Artificial intelligence integration

The IBM Telum processor features on-chip AI acceleration via the Neural Network Processing Assist (NNPA), a set of architected instructions that enable embedded inferencing for transactional AI workloads, making it the first such processor to integrate this capability directly during transaction processing.^[2] This acceleration is provided by the Integrated Accelerator for AI (AIU), a dedicated unit shared across the processor's eight cores, which delivers over 6 TFLOPs of performance for neural network operations.^[20] The design allows for real-time AI insights without the need to offload computations to external GPUs, supporting high-throughput enterprise environments like financial transaction processing.^[21] Telum's NNPA supports efficient inference using a 16-bit floating-point format (DLFLOAT16), which balances precision and performance for models such as those employed in fraud detection networks, minimizing accuracy loss while optimizing resource use.^[22] Performance benchmarks demonstrate significant gains in inference, depending on the model complexity.^[23] Additionally, the accelerator achieves sub-1 ms response times at the 99.9th percentile, enabling seamless integration into latency-sensitive applications.^[24] In practical workloads, Telum facilitates real-time analytics, including anomaly detection in financial transactions, where AI inferences occur inline to prevent fraud proactively rather than reactively.^[2] The software ecosystem enhances this through integration with IBM Watson Machine Learning for z/OS, allowing deployment of hybrid AI models that leverage both on-chip acceleration and broader cloud-based training.^[25] This setup supports z/OS environments for end-to-end AI pipelines, from model development to in-transaction execution, fostering scalable enterprise AI adoption.^[26]

Security and cryptography

The IBM Telum processor integrates quantum-safe cryptography to address emerging threats from quantum computing, supporting post-quantum algorithms standardized by NIST, including CRYSTALS-Kyber for key encapsulation and CRYSTALS-Dilithium for digital signatures.^[27]^[8] These features are enabled through hardware-accelerated cryptographic functions in the Central Processor Assist for Cryptographic Functions (CPACF), allowing efficient implementation of lattice-based algorithms resistant to quantum attacks like Shor's algorithm.^[20] This integration represents a pioneering advancement, as Telum powers the IBM z16, the industry's first mainframe system with quantum-safe protections embedded at the silicon level across firmware and hardware layers.^[10]^[28] Telum incorporates on-chip hardware security modules via CPACF and associated secure enclaves, providing isolated environments for key generation, storage, and runtime encryption operations.^[27] These enclaves, supported by IBM Z Secure Execution technology, ensure that sensitive keys and data remain protected during processing, with keys never exposed in plaintext outside the hardware boundary.
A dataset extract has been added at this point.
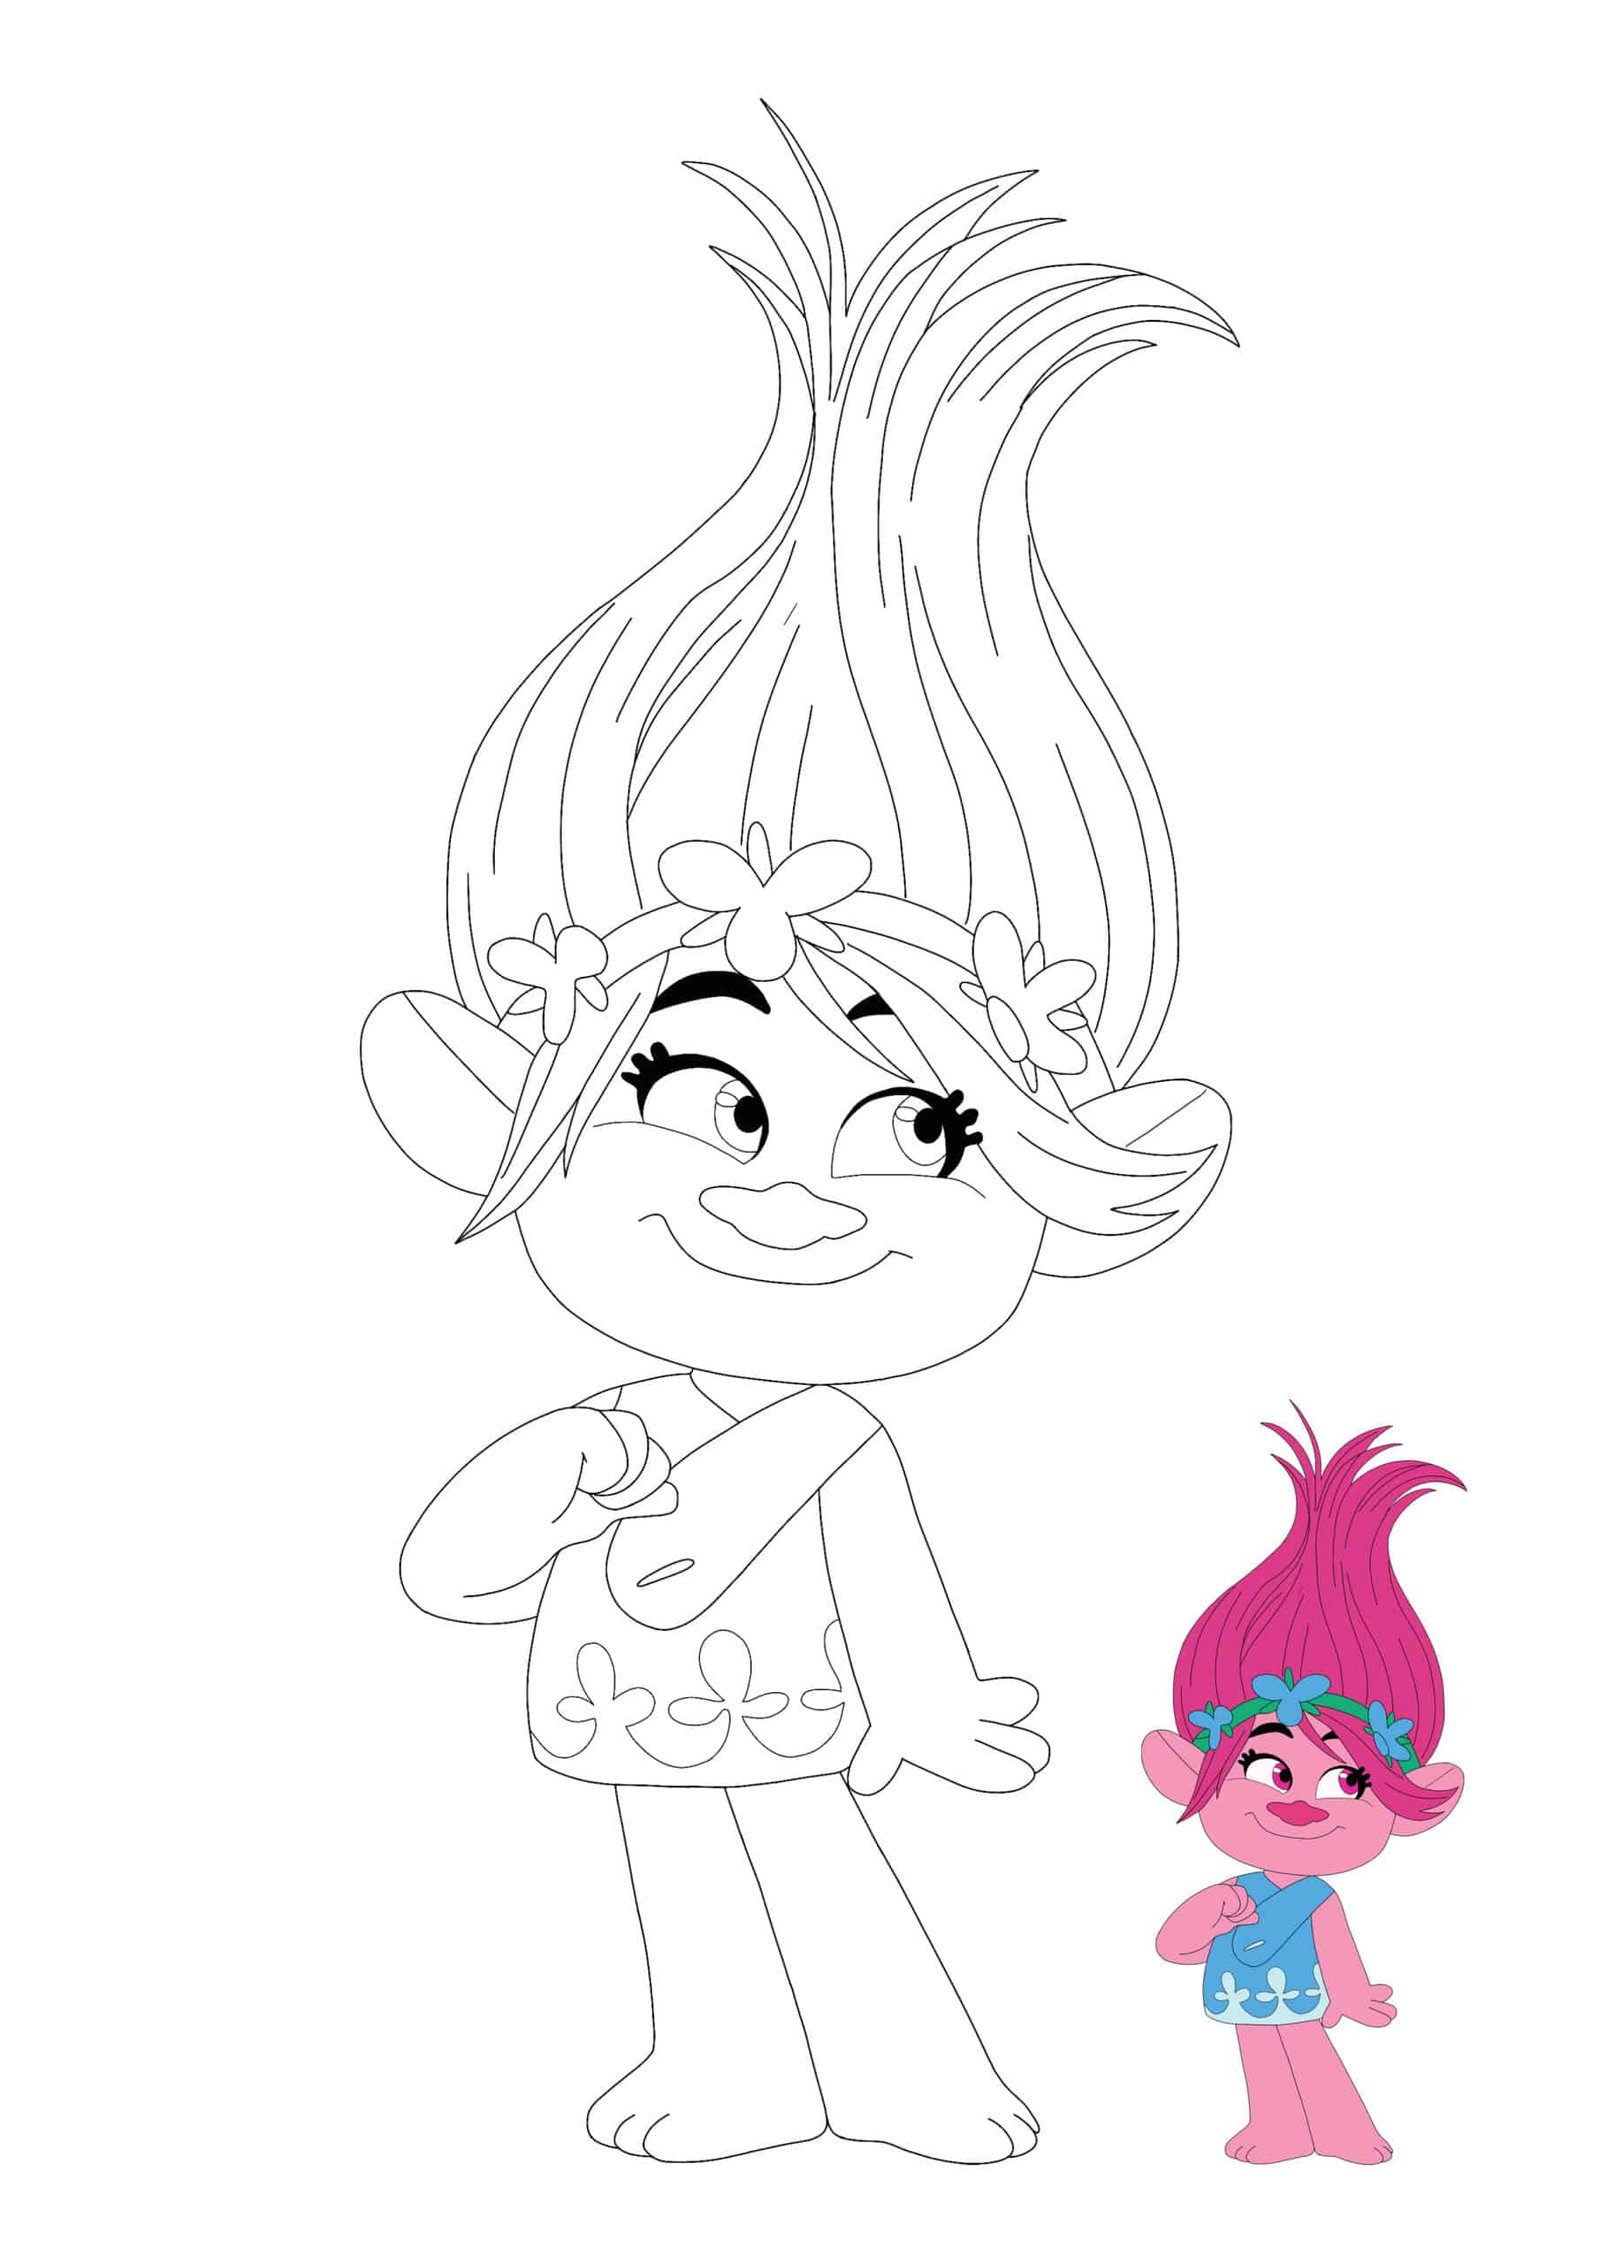 Princess poppy from trolls coloring pages

Master keys are managed through tamper-resistant Hardware Security Modules (HSMs) like the Crypto Express8S, which facilitate secure key entry and distribution across up to 85 logical partitions.^[27]^[29] Pervasive encryption in Telum extends to data in use, with transparent memory encryption safeguarding all data as it moves from processor chips to main memory, minimizing exposure in transient states.^[20] Tamper detection mechanisms, including hardware-based monitoring and response in CPACF and HSMs, trigger immediate key erasure upon detecting physical or logical intrusions, ensuring rapid recovery and data integrity.^[27] These protections enable secure, high-volume transaction processing in environments handling financial and personal data. Telum's design complies with FIPS 140-2 Level 4 standards for its cryptographic modules, the highest certification for commercial hardware, validating robust protections for key management and encryption in regulated sectors like banking and healthcare.^[27]^[30] This compliance supports seamless adherence to global regulations, allowing organizations to process encrypted workloads without performance degradation while mitigating risks from both classical and quantum adversaries.^[28]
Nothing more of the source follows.